The farmers' grievances go beyond the new reforms. They've "been at some level unhappy for quite some time," says Jodhka.
India's agricultural sector has been shrinking for decades, and agriculture as a share of India's gross domestic product dropped from 43% in 1967 to 16% in 2019, according to World Bank data. The drop-off in agricultural revenue has coincided with a rise in the prices of seeds, fertilizer, and other agricultural necessities. Even with those declines, an estimated 60% of people in India remain financially dependent on agriculture. Farmers struggle with debt, bankruptcy, and endemic suicide.

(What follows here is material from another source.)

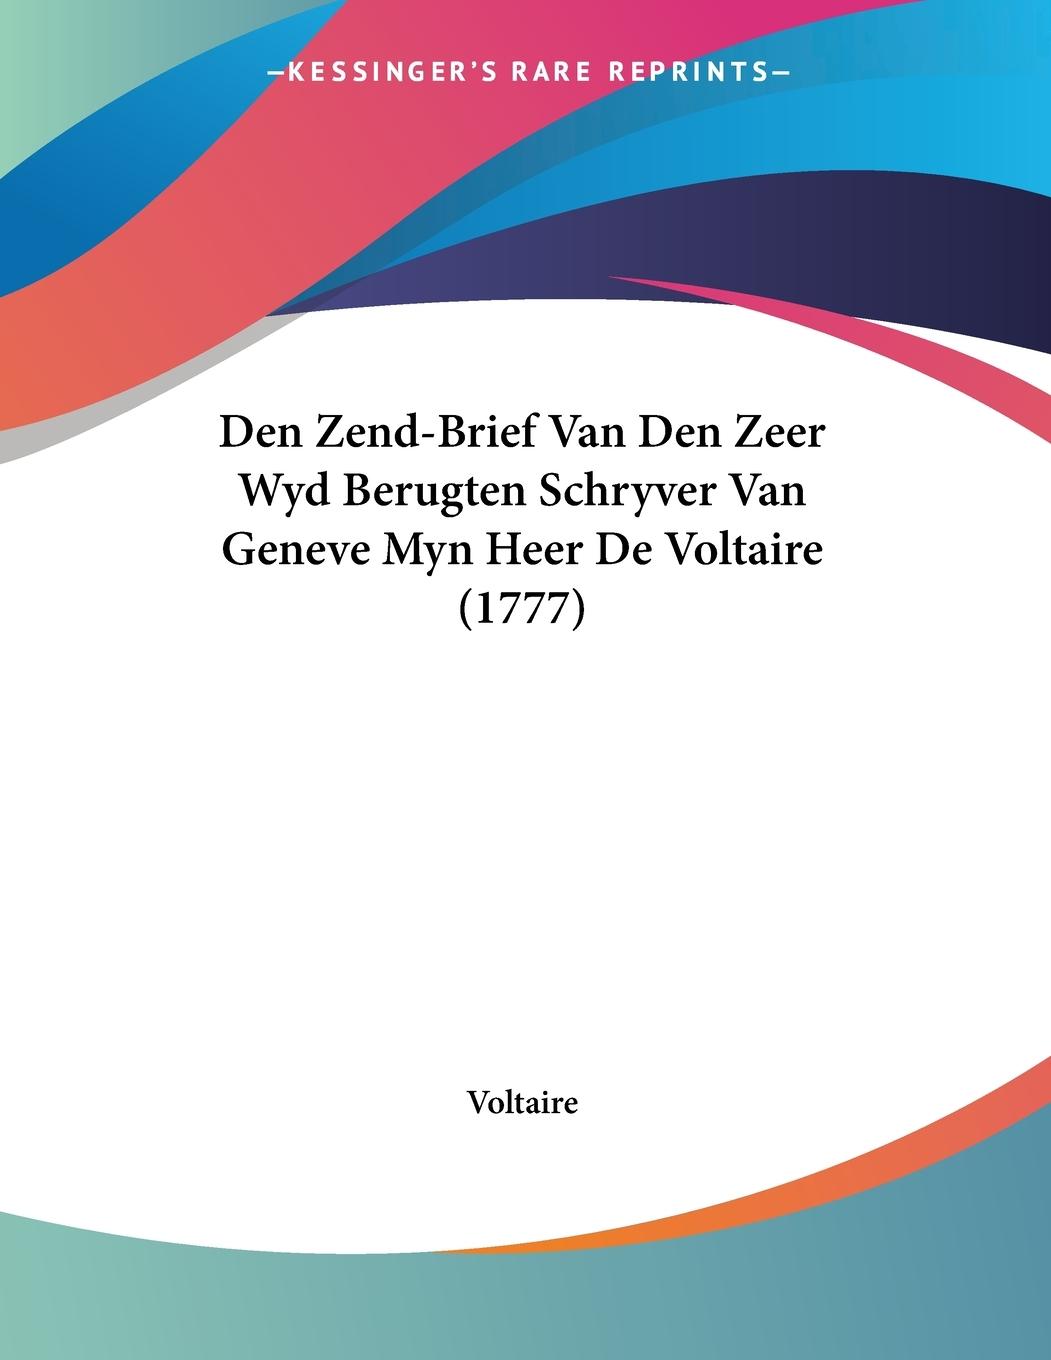 Den Zend-Brief Van Den Zeer Wyd Berugten Schryver Van Geneve Myn Heer De Voltaire (1777) - Voltaire

The three laws, Jodhka says, "provide a kind of context for all that anger to come out." At the same time, Jodhka adds, there's "a larger perception that the government of India is increasingly being influenced by corporate interests...there is a kind of fear of monopolies emerging in every field."
Threat to Modi?
On Nov. 26, an estimated 250 million people took part in a nationwide general strike in support of the farmers' demands, with activists hailing it as the largest protest in history. The widespread popular support for the farmers raises the question of whether the farmer's critiques of Ambani and Adani and the pair's close ties to Modi's government will spread to the wider public.
"[The government] is dealing with a large protest, which has much popular support," Singh says. "The danger with this movement for the government is that it could become a moral movement, a crusade against inequality, favoritism, cronyism...I think that's what the government is probably most worried about."
"[The billionaires are] an interest group that is seen to be aligned with the government, and if there is a widespread protest movement, of course their interests will be threatened," Singh says.
Amita Baviskar, a sociologist and professor at Ashoka University in India, is more circumspect about the prospect of the farmer protests growing into a mass movement critical of the government. The farmers have significant public support, Baviskar says, but that support comes from "a very basic understanding, which is, 'These people grow food that we eat and they shouldn't get a deal that makes life harder for them.' It doesn't add up to a larger critique of the policies that led to the agrarian crisis."
Many people still have an "image of the government as strong on security and social welfare, so the critique of crony capitalism and the favorable deals given to Reliance and Adani don't have a great deal of popular traction," Baviskar says.
Many of the alleged "special breaks" held up as evidence of cronyism, like the airport deal and others in defense, telecoms, and real estate, are "well documented," Baviskar says, but "they don't figure in popular perceptions of the Modi government."
Modi won reelection in 2019—with a stagnating domestic economy—by a wider margin than he had in 2014. For now, says Jodhka, the political opposition is weak, and Modi, who twice was elected as a populist 'Man of the People,' remains enormously popular with a 76% approval rating. Objections to crony capitalism remain isolated in "pockets" of the populace, Jodhka says.